The Bayport-Blue Point Public Library has completed its $3.65 million purchase of the St. Ursula Center convent, which is expected to become the library's new home in about two years.
Library officials on Monday took title to the 8.27-acre property on Middle Road in Blue Point, two months after voters approved a $16.85 million plan to purchase the site and convert the convent into a new library.
Officials have said the 18-year bond to finance construction would cost the average taxpayer an additional $228 annually. The current library on Blue Point Avenue in Blue Point is expected to be sold after the new one opens.
Library board president Ronald F. Devine Jr. said Wednesday that architects "are still refining the plans" to turn the convent into a 28,573-square-foot library with special reading rooms for children and teenagers.

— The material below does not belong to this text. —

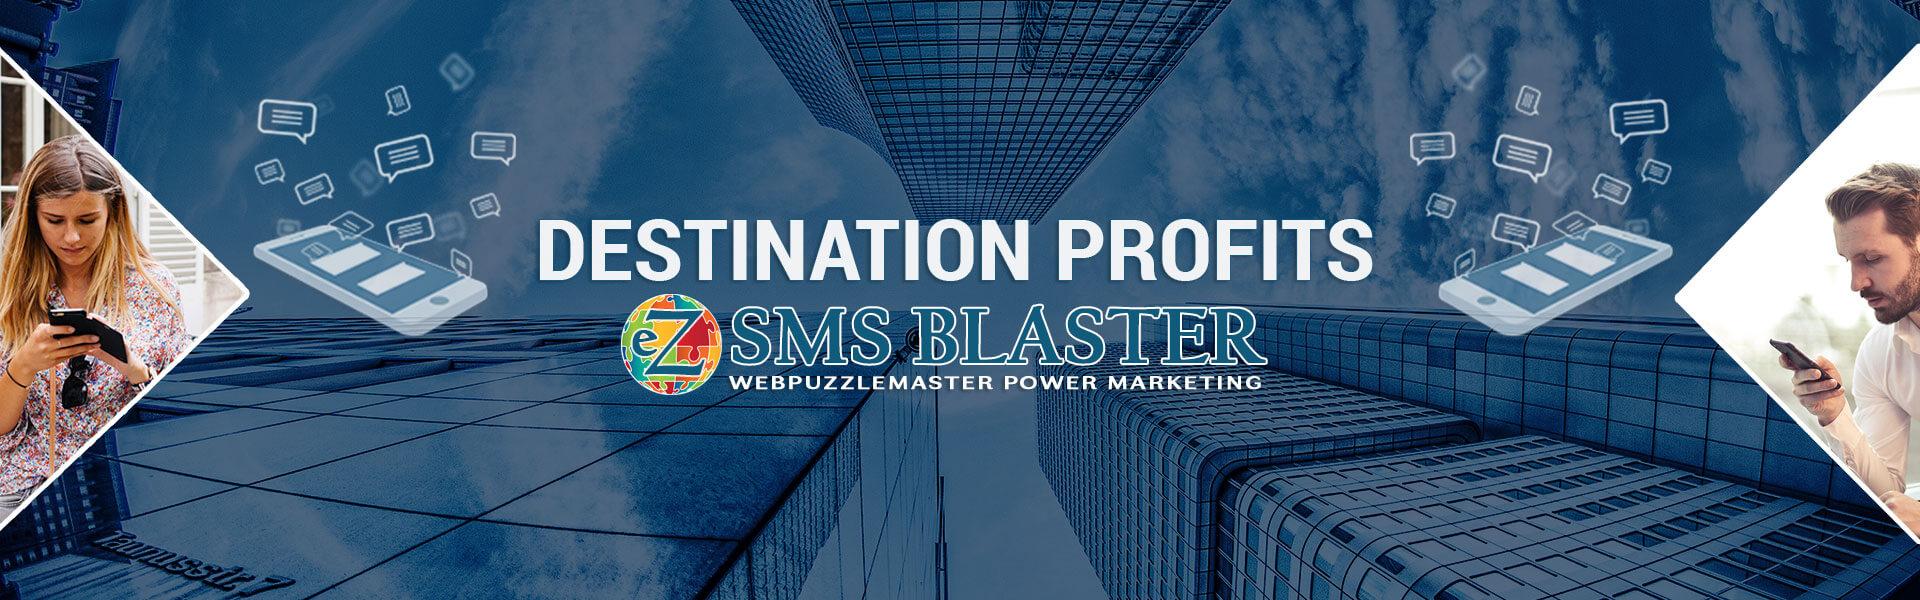 eZ SMS Blaster bg

Those plans must be approved by the state Department of Education.
“This is the next chapter on the road to provide our Bayport-Blue Point community with a world-class library for generations to come,” Devine said.
The Ursuline Sisters of Tildonk put the convent up for sale two years ago, citing a dwindling group of aging nuns who could no longer care for the facility. The sisters initially struck a deal to sell the property for $5.3 million to Westhampton Beach-based Seafield Center, which planned to open a drug rehabilitation center or sober house there. Seafield withdrew its offer amid community opposition.

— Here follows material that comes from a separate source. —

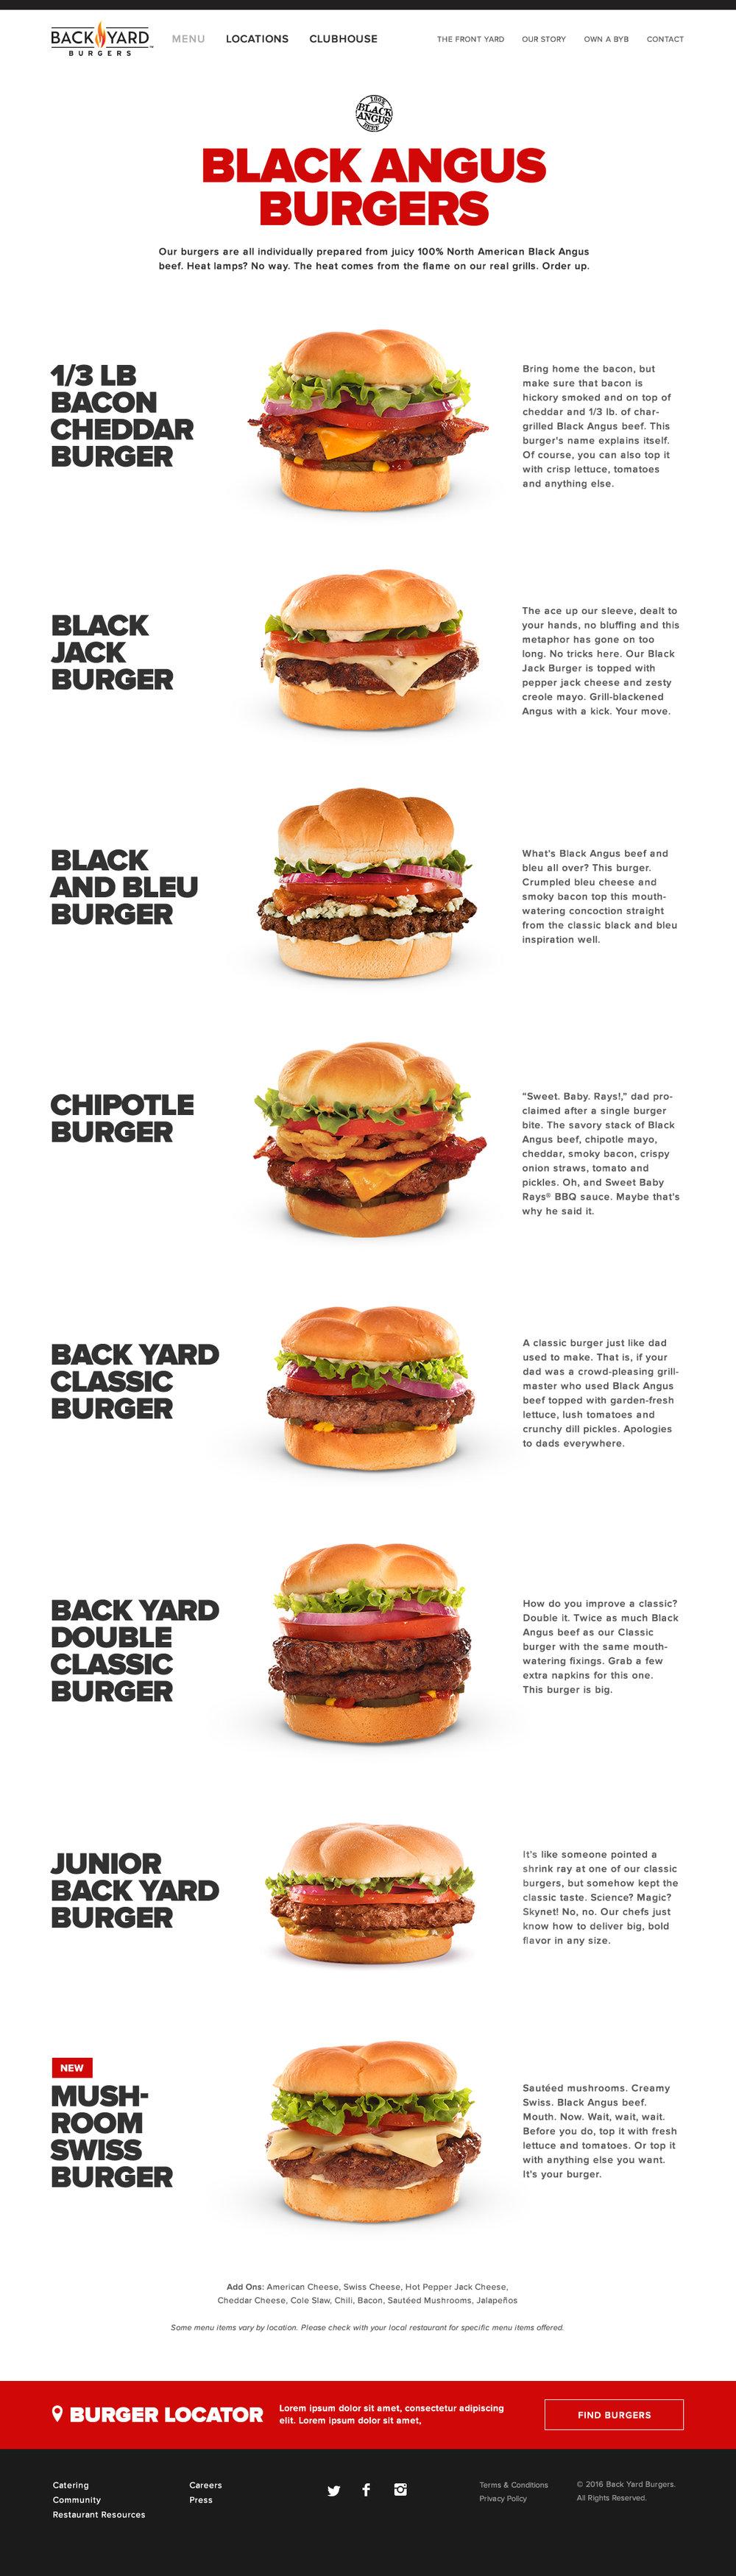 byb-menu-burgers.jpg

Proceeds from the sale to the library will pay off debts and finance new homes and continuing care for the nuns, Sister Joanne Callahan said, adding the sale was completed "very smoothly and very quickly."
“We’re very glad that we finally came to an agreement with the library, and we’re very hopeful that it will get finished so we can go back and see what our house will look like in the future,” Callahan said.
The new library will be more than double the size of the current 13,325-square-foot facility, which officials said had become cramped and did not comply with the federal Americans with Disabilities Act. Library officials have said they plan to seek state grants to help pay for renovations to the convent.
The new library will use the convent's chapel as a reading room. The new site will offer 104 parking spaces, compared to the current library's 62 spaces.
Devine said he hopes to receive a building permit from the state education department by the end of the year. Construction should begin next year, and officials hope to open the new library by spring 2021, Devine said.
He said he plans to meet with Suffolk County officials to discuss selling part of the property in a wetlands area for open space preservation.